Use it to recognize and report explicitly forbidden syntax while still allowing
recovery to continue.

### `OneOf`

`one_of((a, b, c))` also works as a matcher. It tries alternatives from left to
right and succeeds on the first matching branch.

Use it for alternatives inside `capture!`, such as multiple literal keywords or
valid element forms.

### `Labeled`

`matcher.with_label("label")` attaches a display label to a matcher. The label
can appear in expected-token diagnostics.

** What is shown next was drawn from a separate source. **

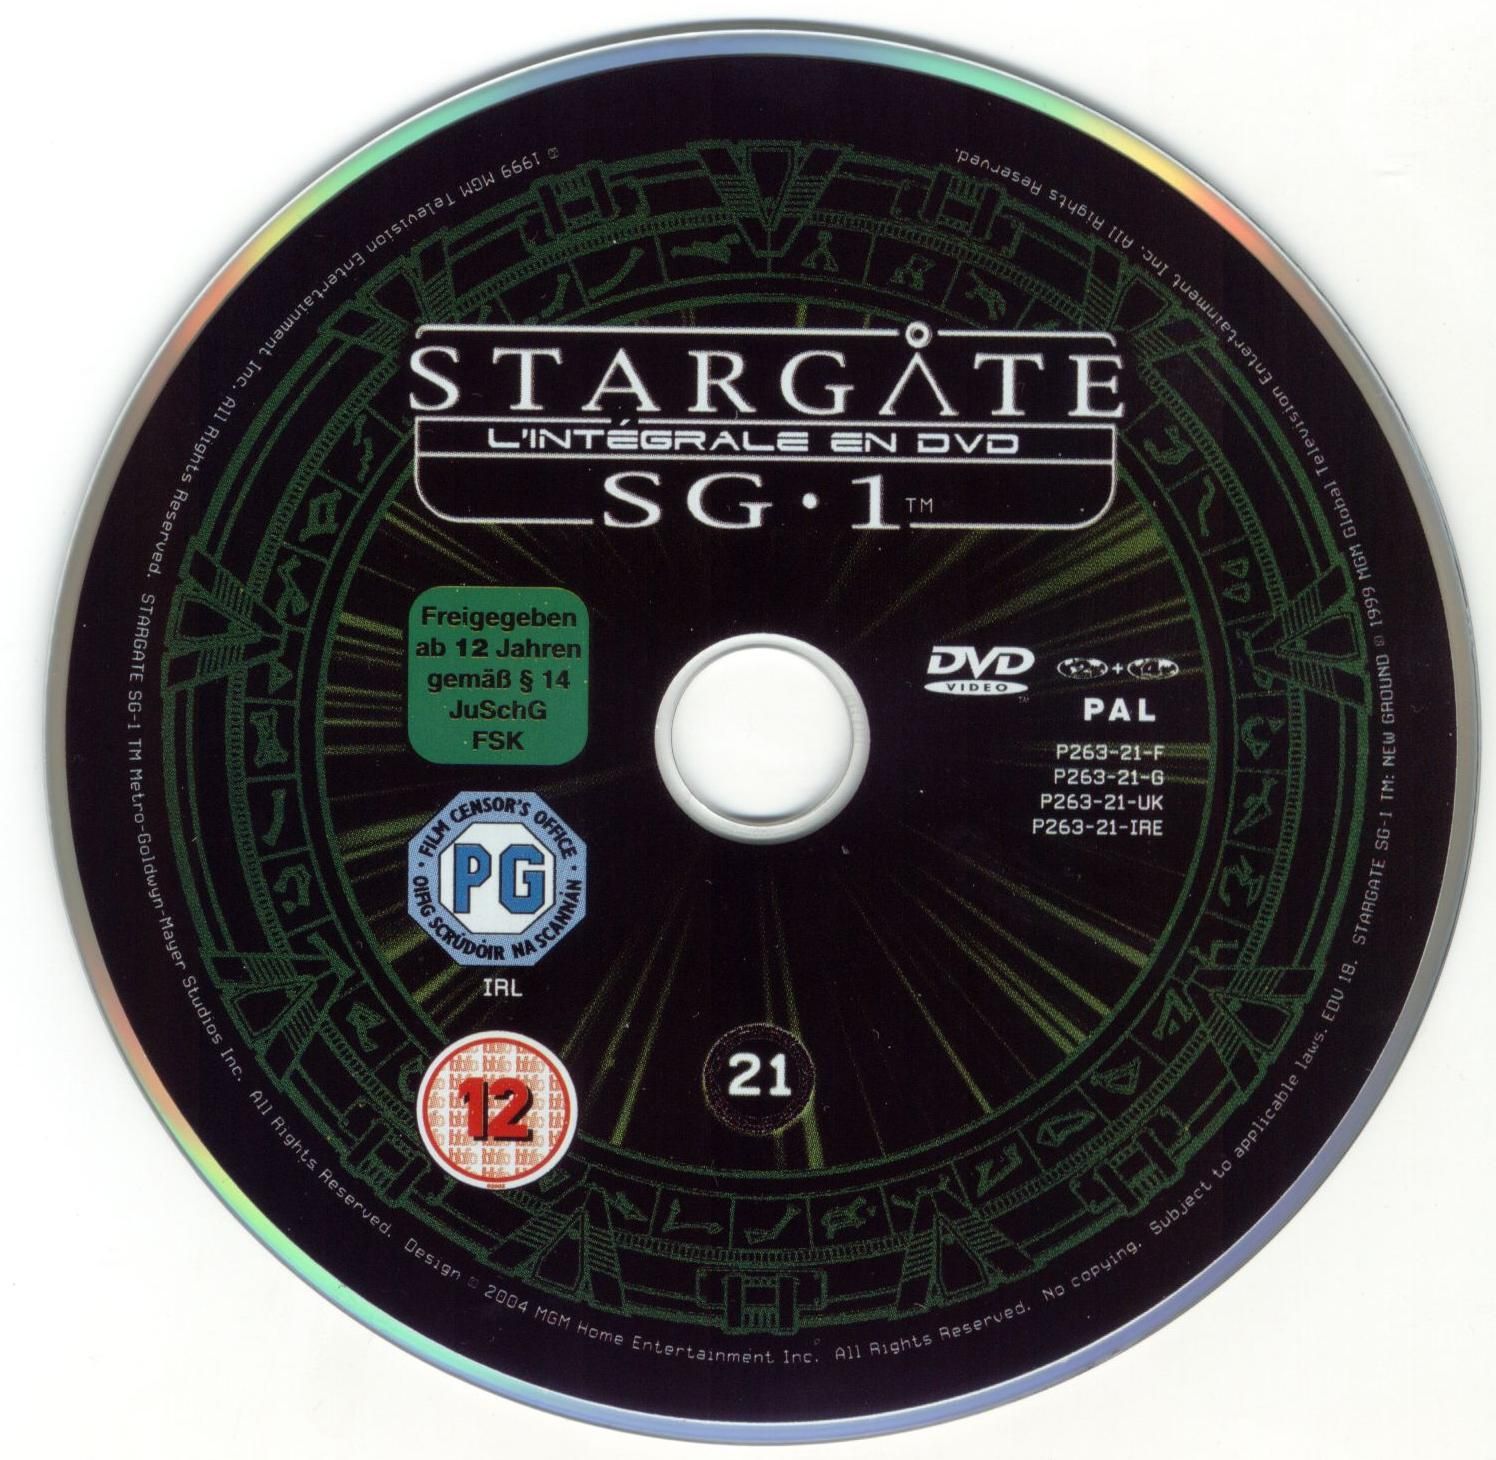 Stargate saison 3 vol 21

Use labels when a grammar name is clearer than a raw literal or range.

## Parser repetition vs matcher repetition

Use matcher repetition when you are still describing syntax inside `capture!`:

```rust
use marser::matcher::multiple::many;

let _ws = many((' ', '\n', '\t'));
```

Use parser repetition when each repeated parse should produce a value that is
combined outside the matcher layer:

```rust
use marser::parser::{token_parser, MultipleParser, Parser};

fn decimal_string<'src>() -> impl Parser<'src, &'src str, Output = String> + Clone {
    let digit = token_parser(
        |c: &char| c.is_ascii_digit(),
        |c| c.to_digit(10).unwrap(),
    );
    MultipleParser::new(digit, |digits: Vec<u32>| {
        digits
            .into_iter()
            .map(|d| char::from_digit(d, 10).unwrap())
            .collect::<String>()
    })
}

let _ = decimal_string();
```

The difference is where values live: matcher repetition binds through capture
properties, while parser repetition returns parser output directly.